Internal, external, emotional and cultural noise. By definition, noise is anything that interferes with the accurate transmission of a message between a sender and a receiver. Internal noise refers to distractions that take place within us, such as having something on our mind or being in a rush. This can easily take our attention away from a communication partner. External noise involves distractions that take place around us and diminish our attention. Emotional noise consists of words or circumstances that arouse strong emotions in us and thereby limit our communication effectiveness. Cultural noise is grounded in our differences, such as differences in language, religion, age, race, job position or gender. These differences have the potential to negatively impact our communication.
The good news is that listening is not as difficult as we sometimes make it out to be. The most important thing to keep in mind is there are two aspects of effective listening. The first, and most obvious, is that listening involves understanding the message being sent by your communication partner in the way they intend. The second, and frequently neglected aspect, is that effective listening involves the articulation of your understanding to your communication partner. In other words, you demonstrate to that person that you clearly understand his or her message. There are several things you can do to improve your listening in both areas:
- Focus on the speaker by making a conscious effort to listen – actually say to yourself, "For the next two minutes, I am only going to listen".

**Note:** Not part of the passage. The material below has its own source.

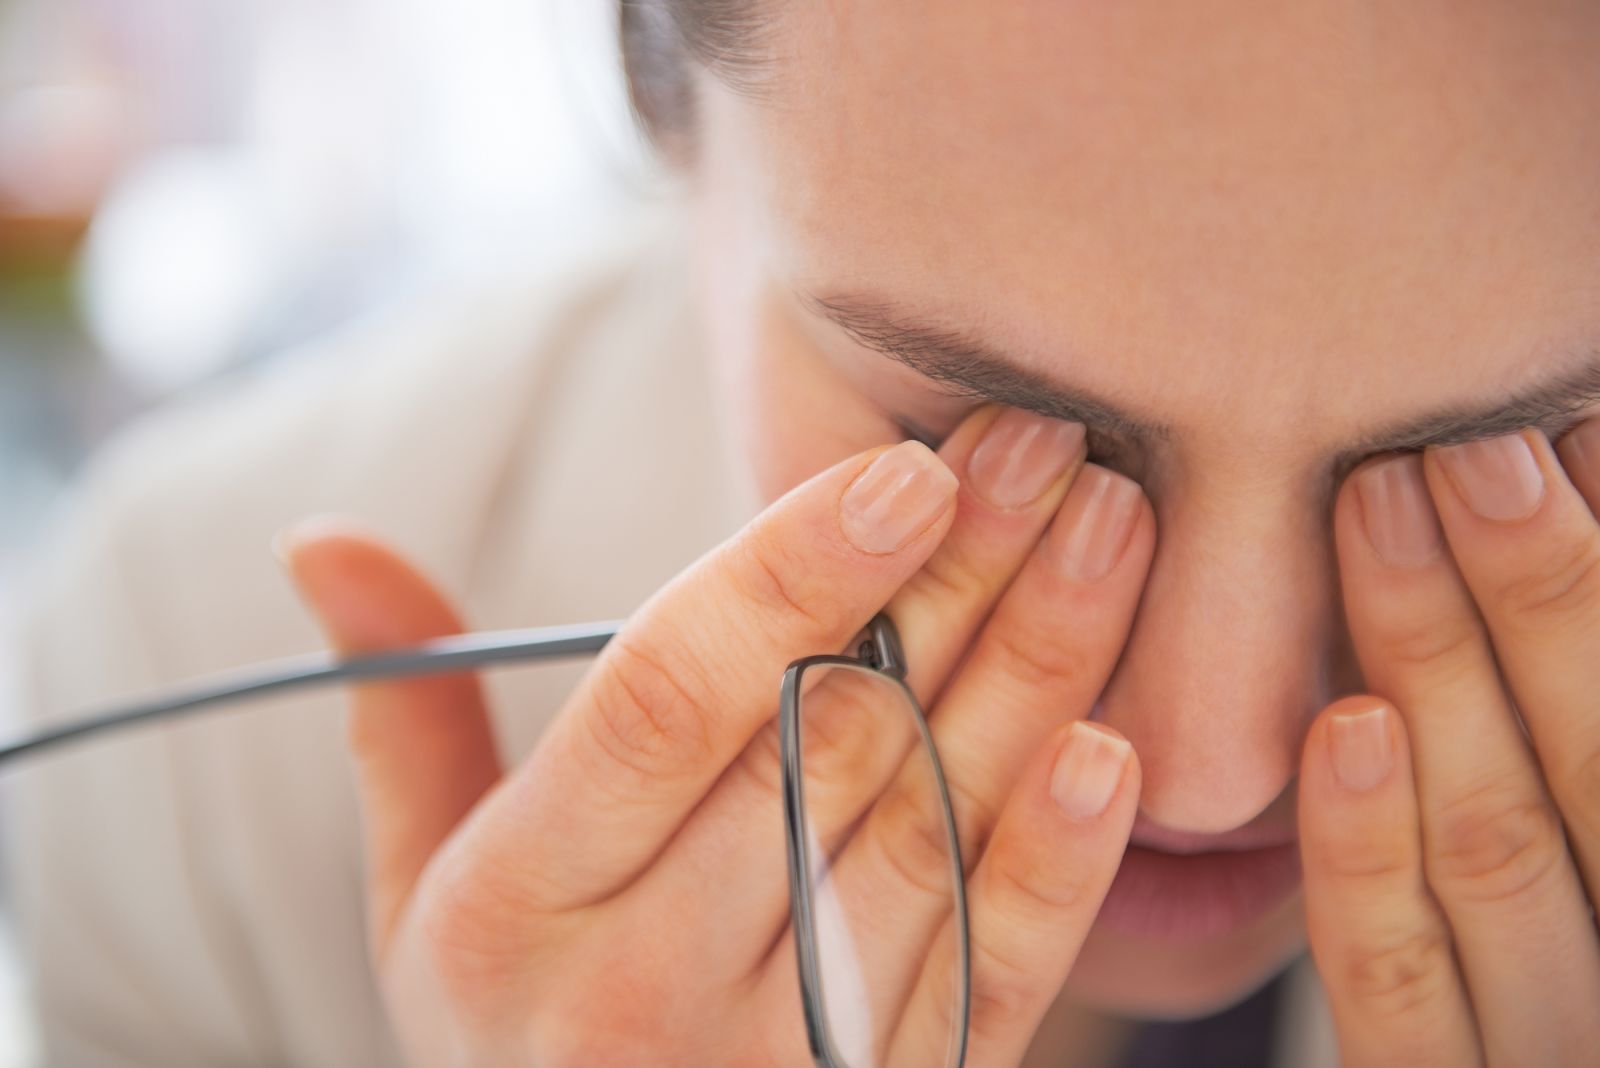 خشکی چشم یکی از رایج ترین عارضه های چشمی | پذیرش24 نوبت دهی پزشک،بیمارستان  و مطب دکتر
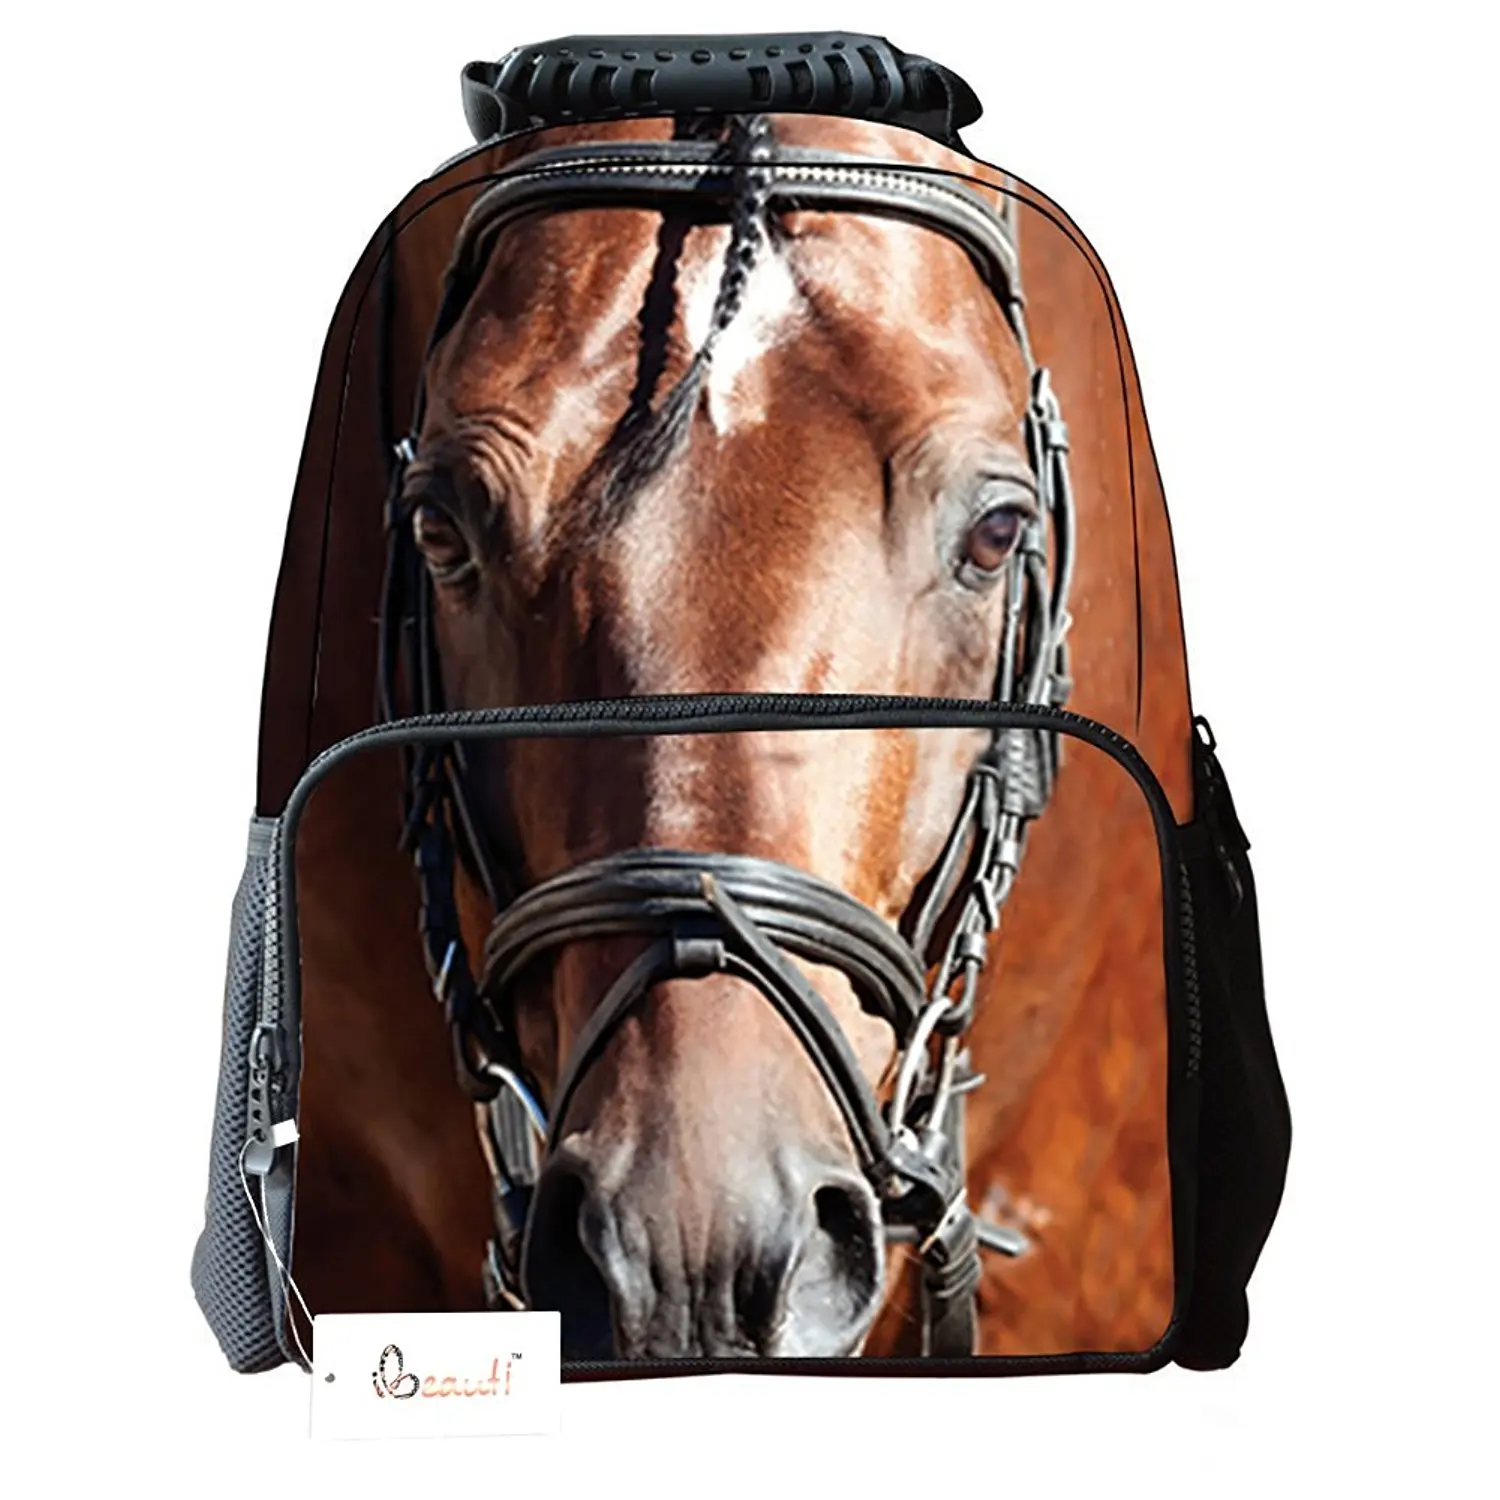 jansport horse backpack

- Make sure the conversation takes place at a time and place where you feel comfortable talking. If you are in a rush, defer the conversation until later.
- Utilize active listening skills. Active listening consists of the listener's attempt to give back (or reflect) what has been stated by the speaker. If you are going to effectively reflect the feelings and content of the speaker's message, then you really have to pay attention. A good way to begin a reflective statement is, “What I hear you saying is…” or “Sounds like you…”
- Utilize good nonverbal behavior to demonstrate to the speaker that you are focusing on their message. For example, always face the person and use an open posture, maintain eye contact (although keep in mind there is a strong cultural element in eye contact - direct eye contact is taboo in some cultures), and use 'following' behaviors such as head nods.
- Pay attention to nonverbal clues from the speaker such as body posture, facial expressions and gestures. Much of the content from the message may be unspoken communication.
- Have patience and be willing to let the speaker take some time to get his or her message across.